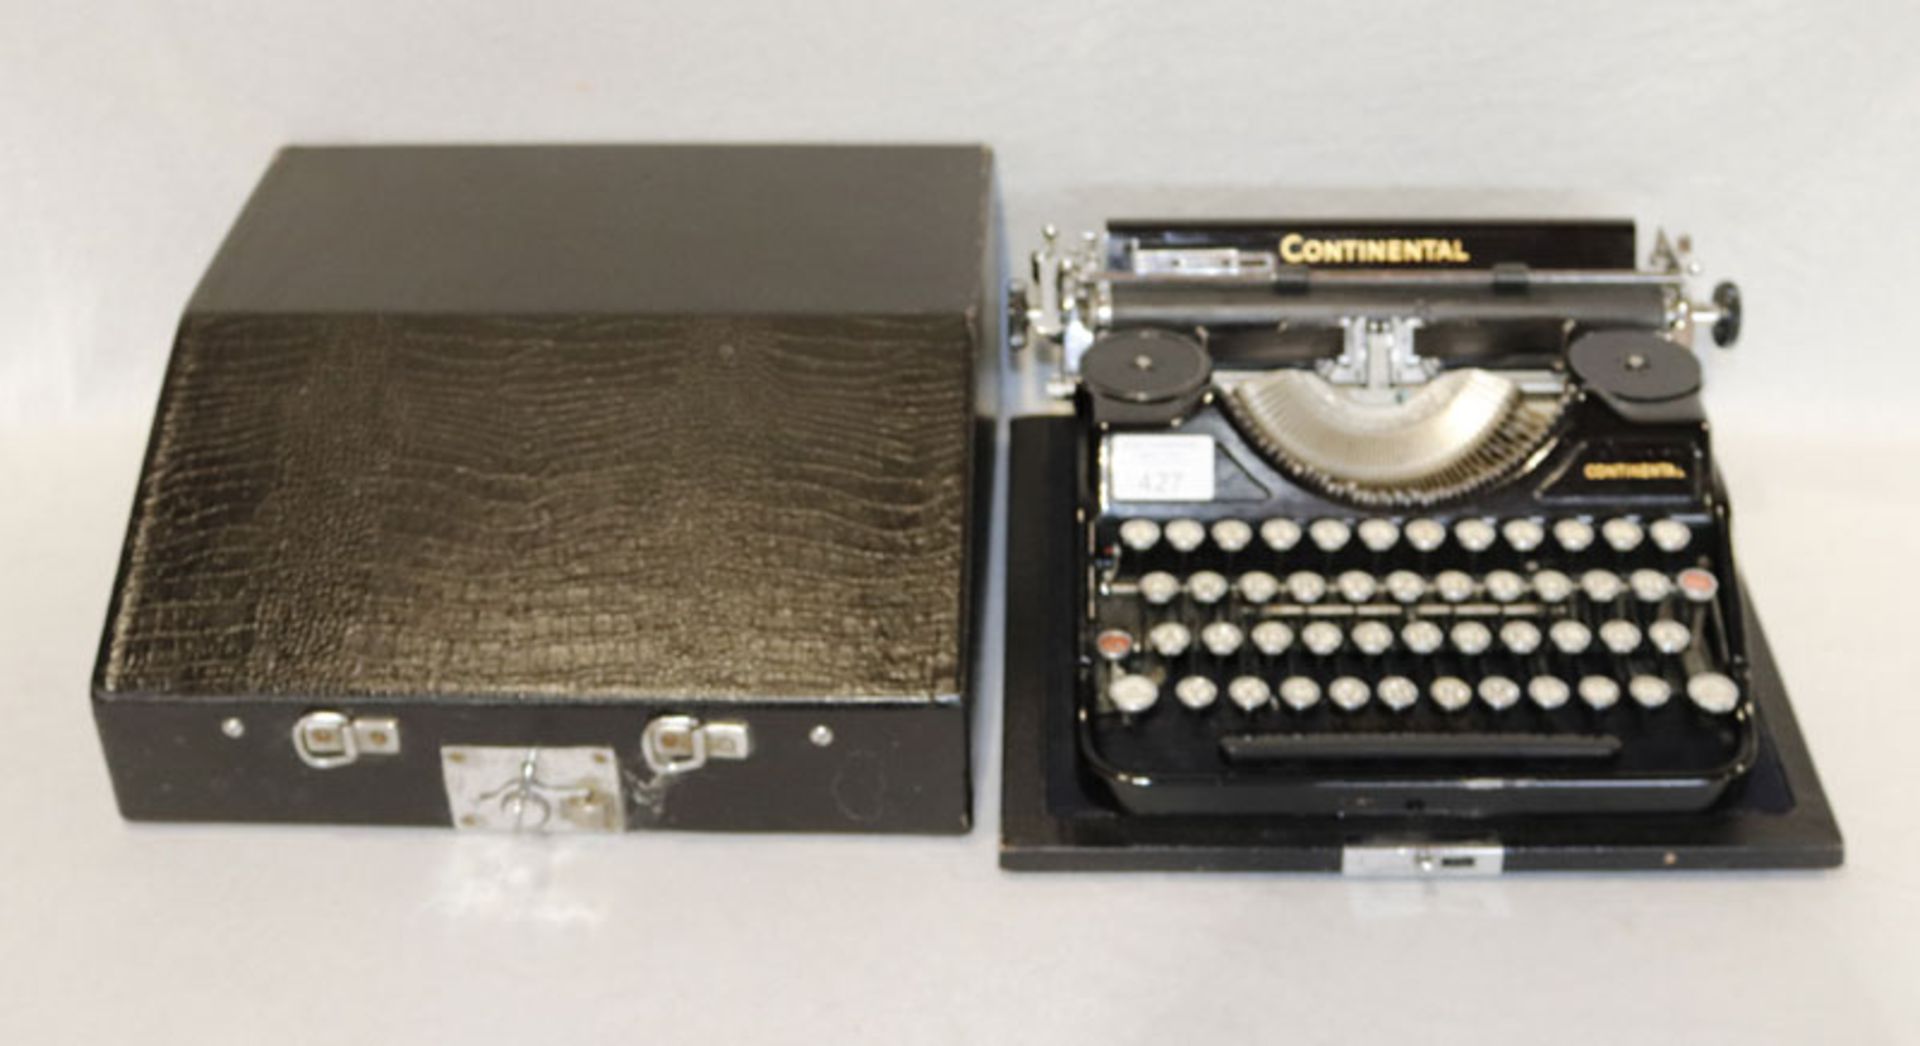 Reise-Schreibmaschine Continental, in Koffer, Gebrauchsspuren
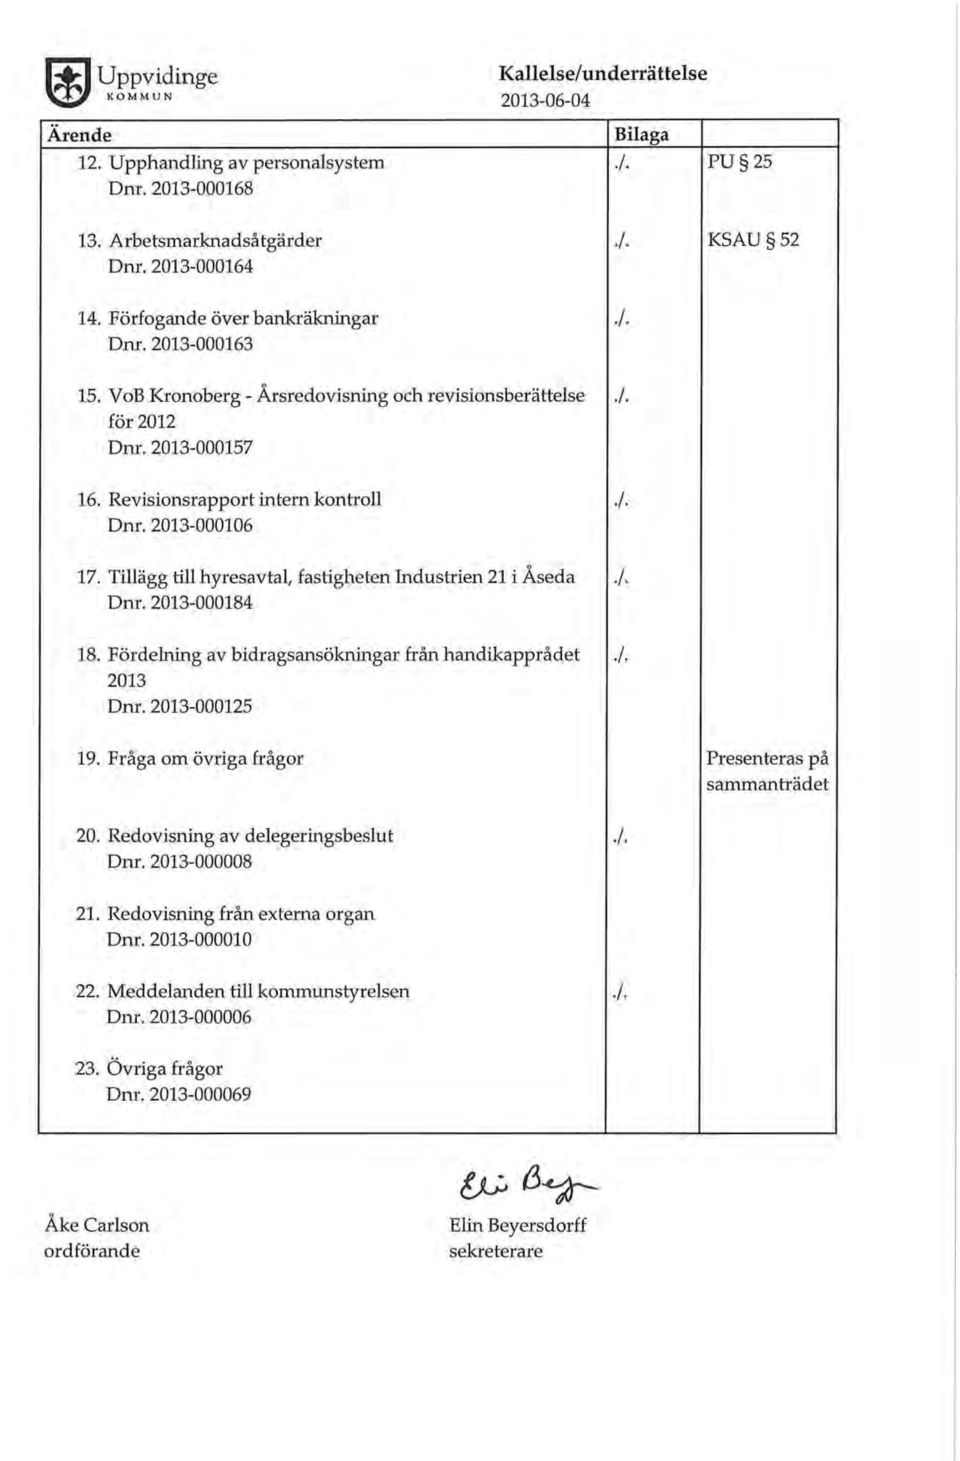 Tillägg till hyresavtal, fastigheten Industrien 21 i Åseda Dnr. 2013-000184 18. Fördelning av bidragsansökningar från handikapprådet 2013 Dnr. 2013-000125./ KSAU 52./../. A./../. 19.
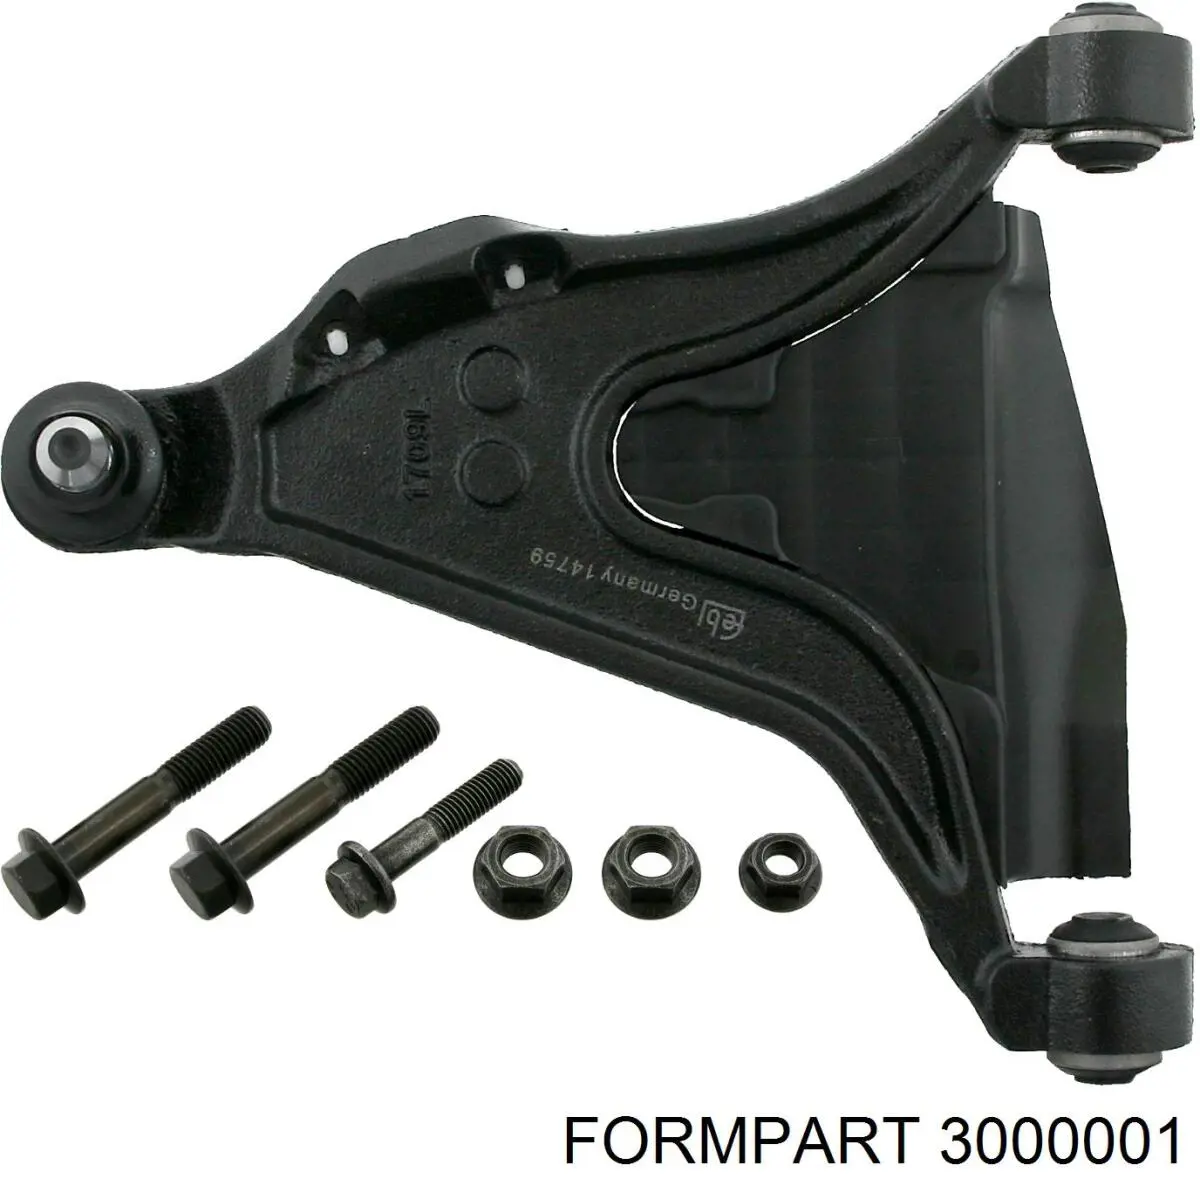 3000001 Formpart/Otoform silentblock de suspensión delantero inferior
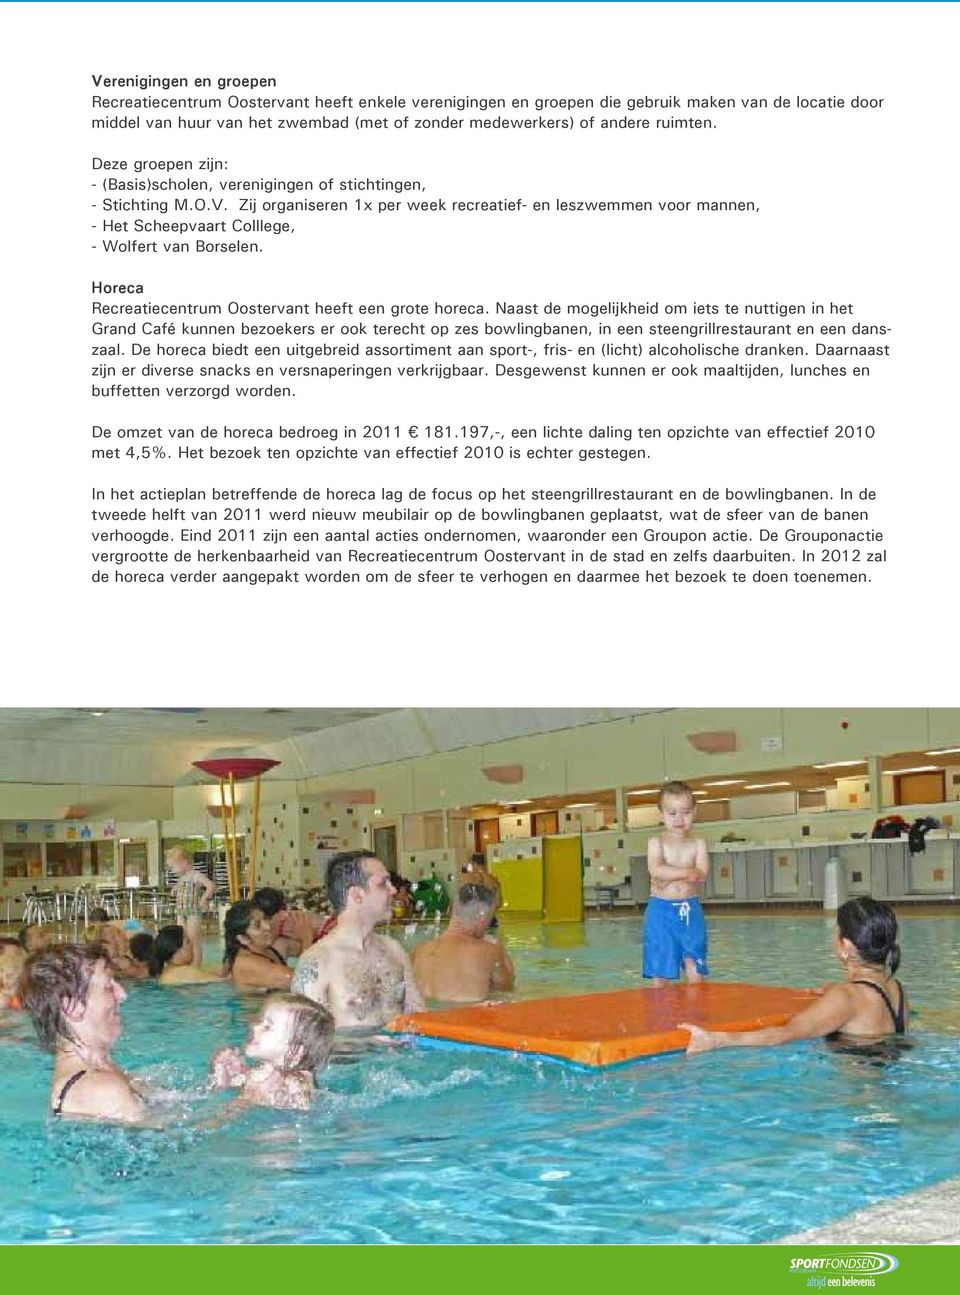 Zij organiseren 1x per week recreatief- en leszwemmen voor mannen, - Het Scheepvaart Colllege, - Wolfert van Borselen. Horeca Recreatiecentrum Oostervant heeft een grote horeca.

* _Requirement_
Repeat the material exactly, without images.

* _Problem solution_
 Reise-Schreibmaschine Continental, in Koffer, Gebrauchsspuren
 Tillägg till hyresavtal, fastigheten Industrien 21 i Åseda Dnr. 2013-000184 18. Fördelning av bidragsansökningar från handikapprådet 2013 Dnr. 2013-000125./ KSAU 52./../. A./../. 19.
 3000001 Formpart/Otoform silentblock de suspensión delantero inferior
 Zij organiseren 1x per week recreatief- en leszwemmen voor mannen, - Het Scheepvaart Colllege, - Wolfert van Borselen. Horeca Recreatiecentrum Oostervant heeft een grote horeca.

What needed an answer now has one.